--- Data for the task Enclosed Below ---

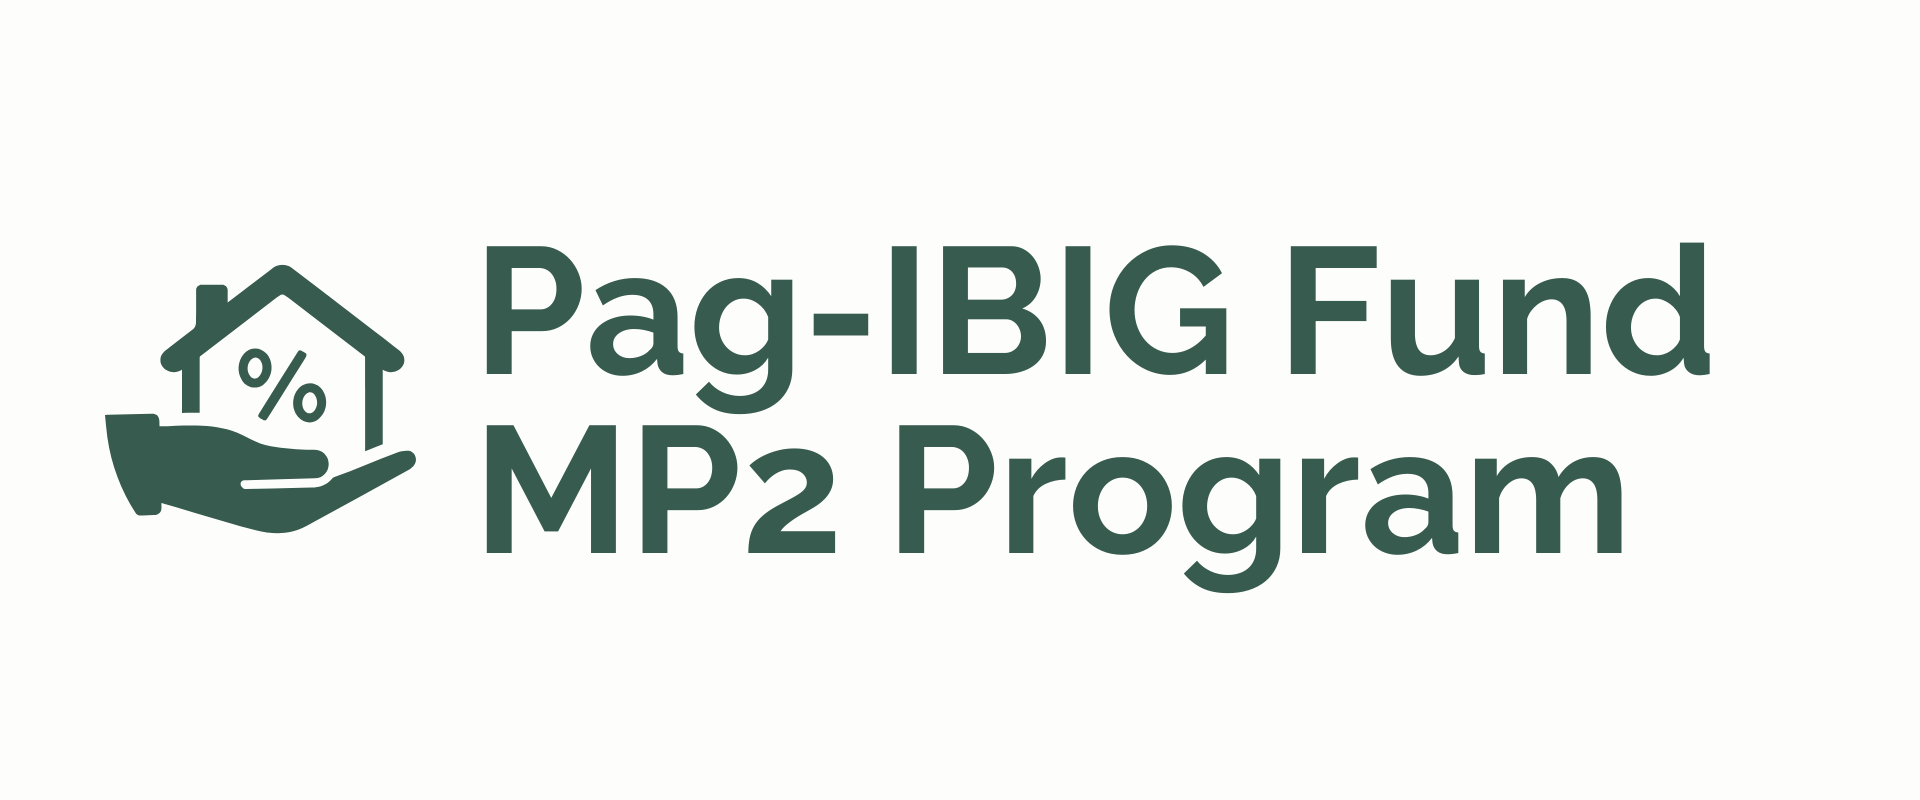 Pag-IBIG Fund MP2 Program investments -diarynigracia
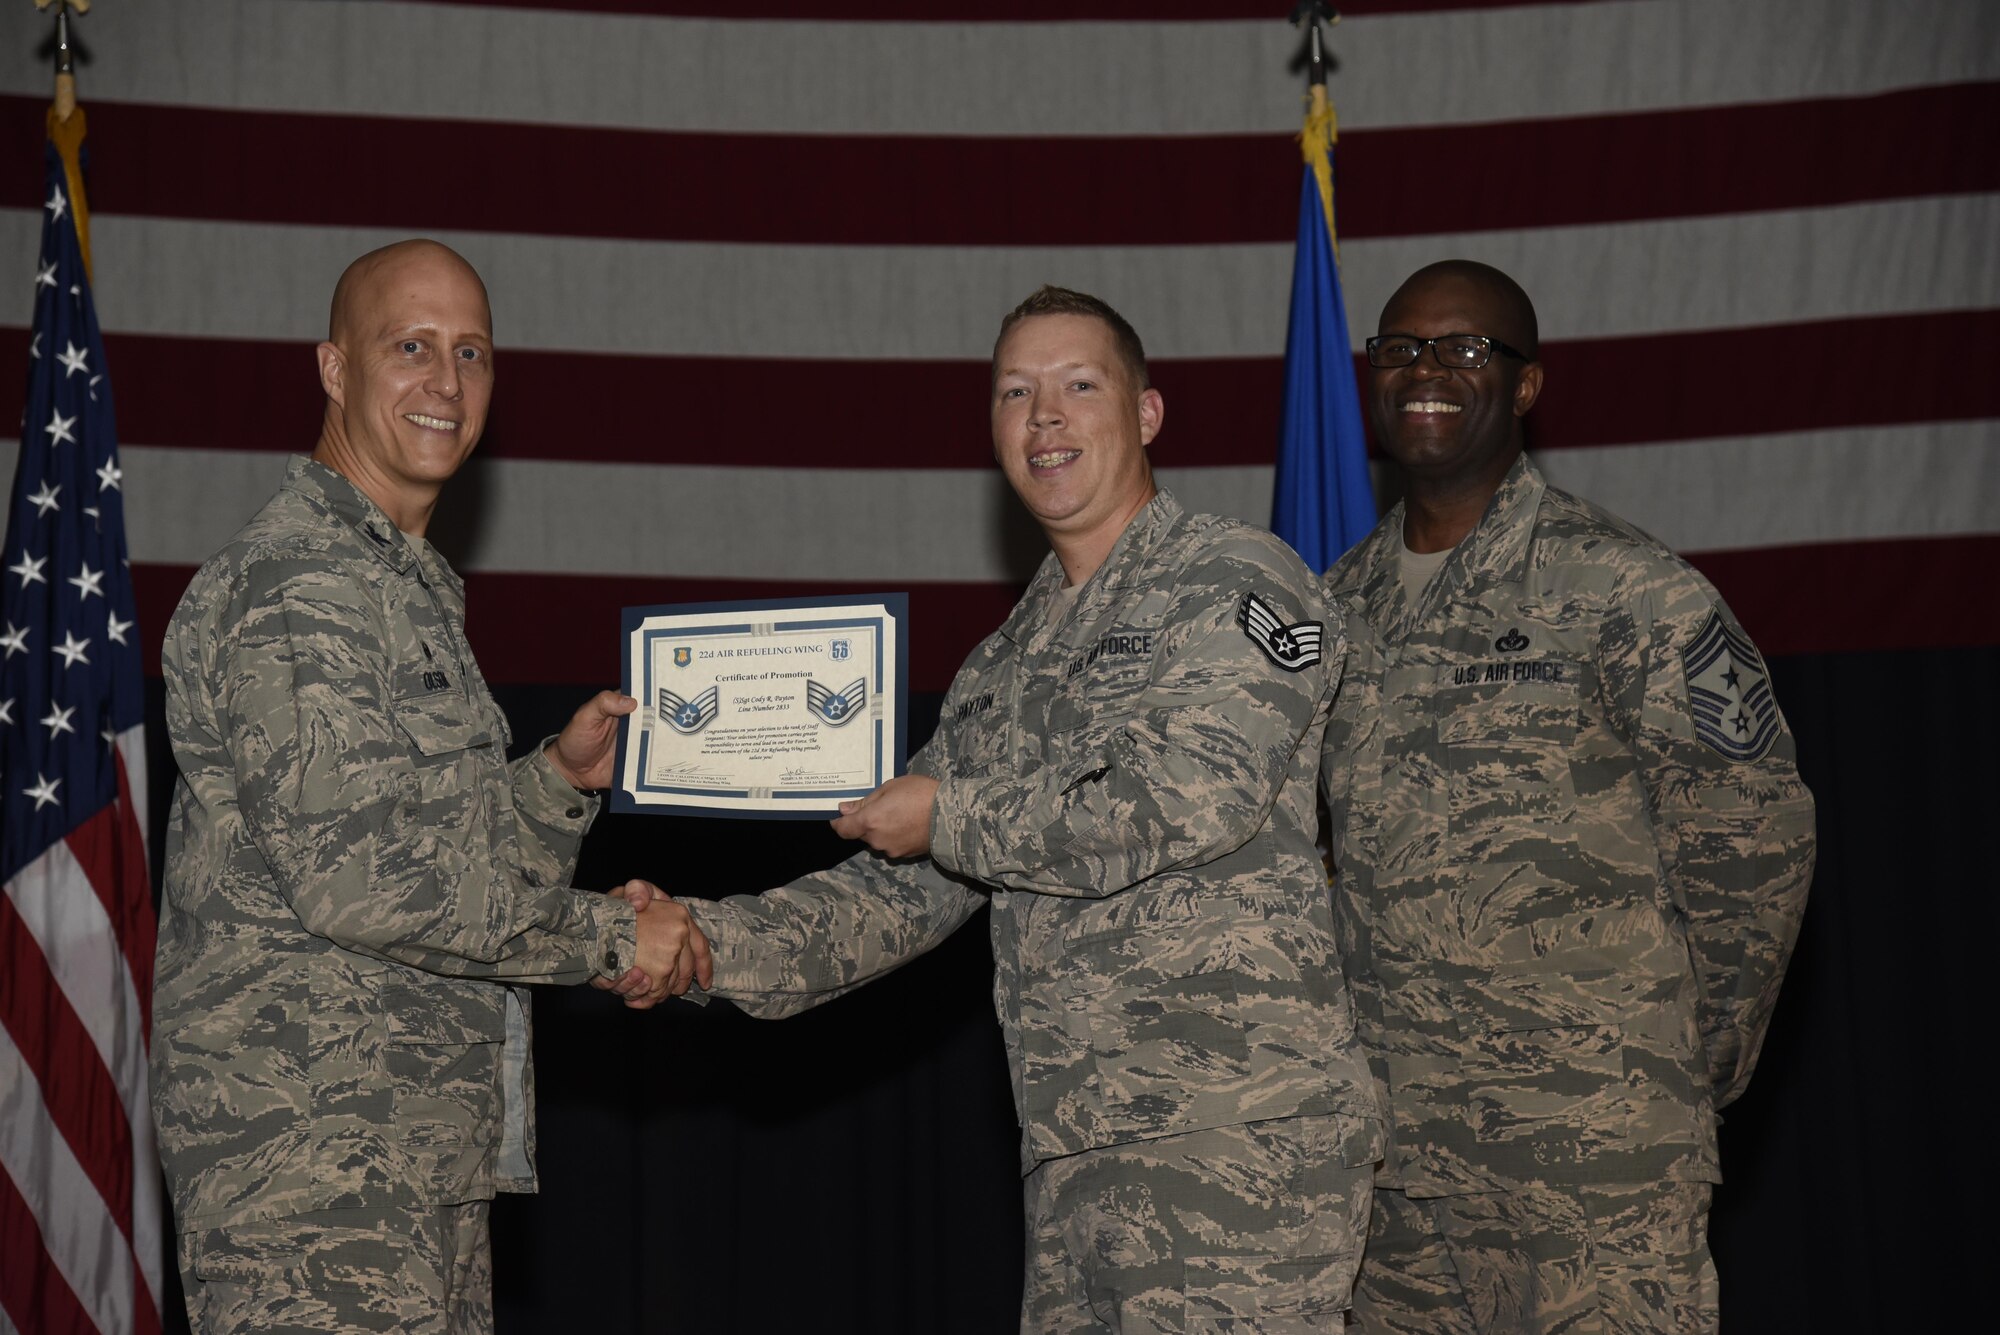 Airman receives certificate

--- End of Enclosed Data for the task ---
--- Data for the task Enclosed Below ---

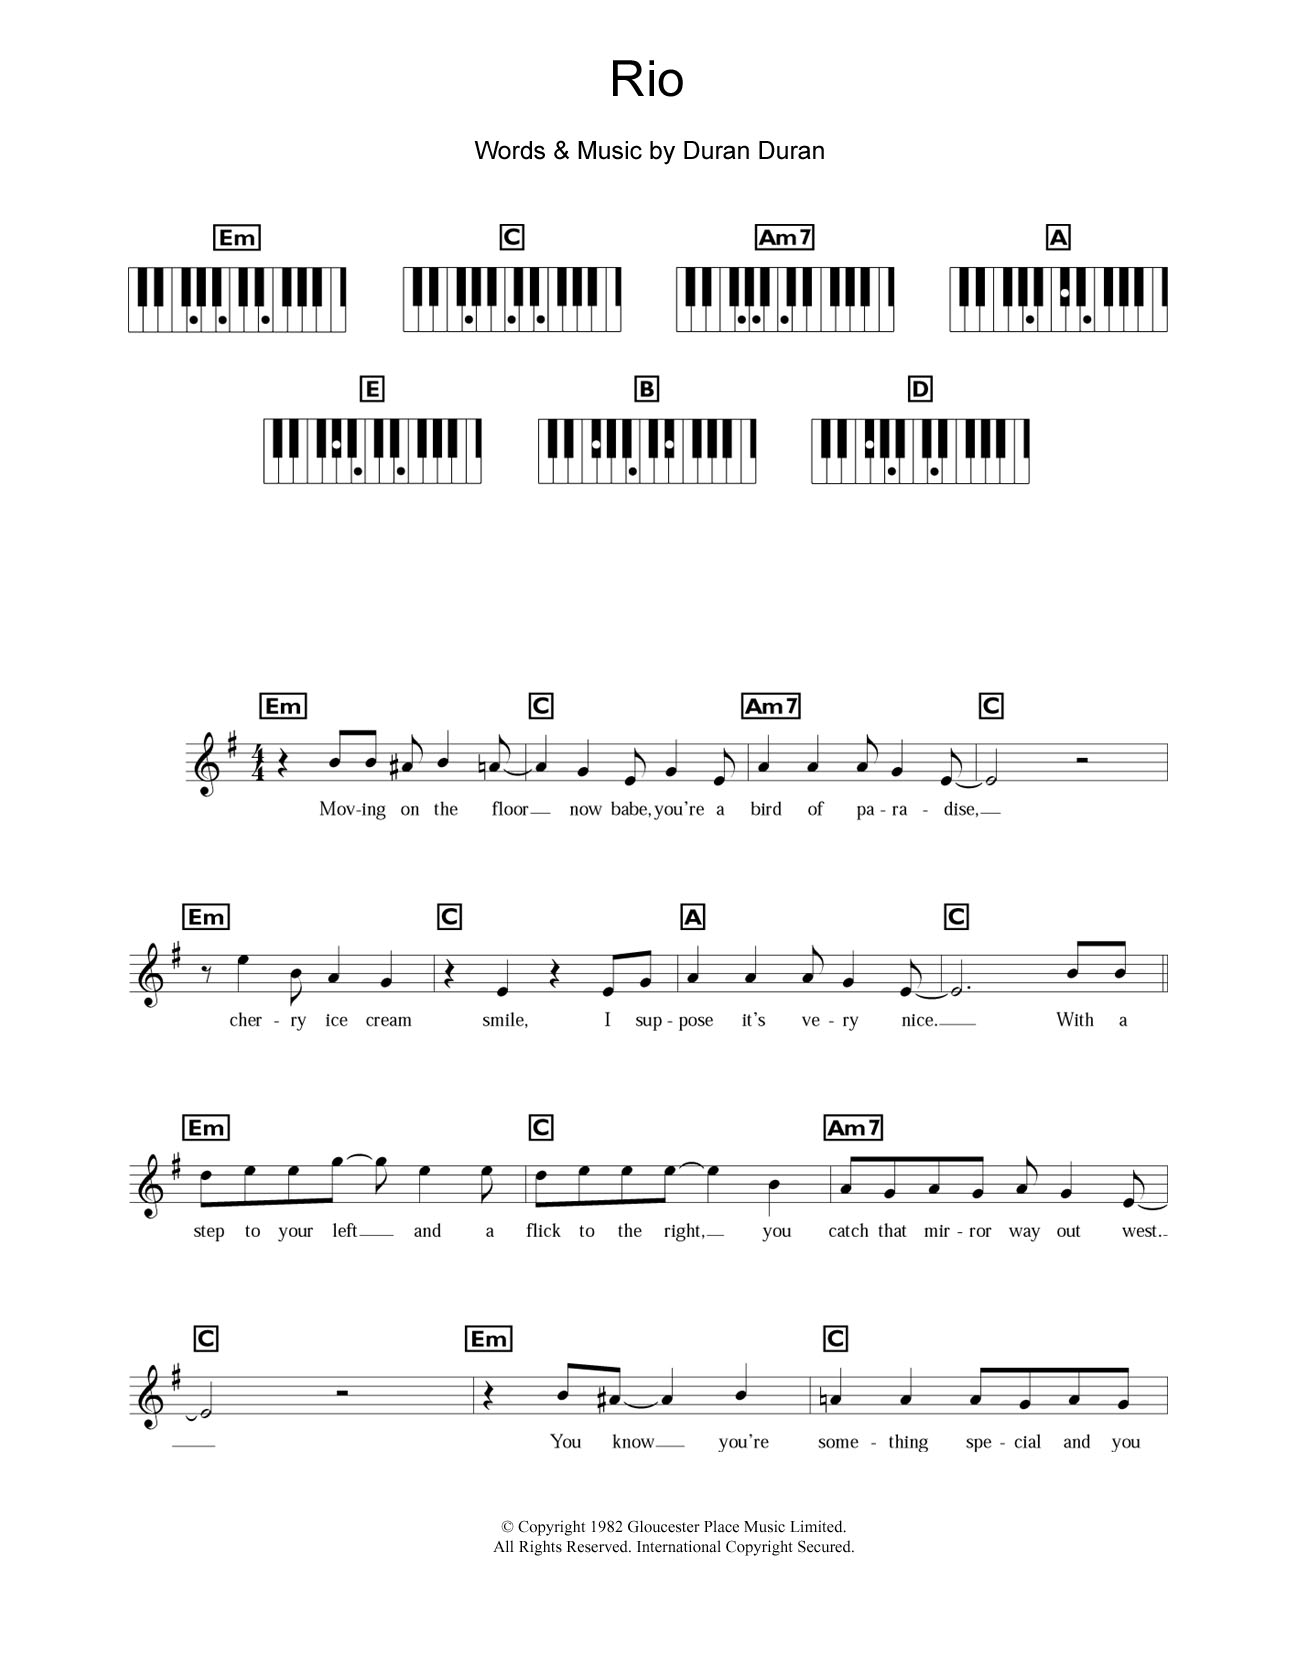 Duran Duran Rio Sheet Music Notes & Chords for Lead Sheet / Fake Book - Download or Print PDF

--- End of Enclosed Data for the task ---

What is required:
Transcribe, word for word, the stretch of lines in the data above from the one with "Pag-IBIG Fund MP2" through the one with "Airman receives certificate"; omit all pictures.

Reply to the exercise:
 Pag-IBIG Fund MP2 Program investments -diarynigracia
 Airman receives certificate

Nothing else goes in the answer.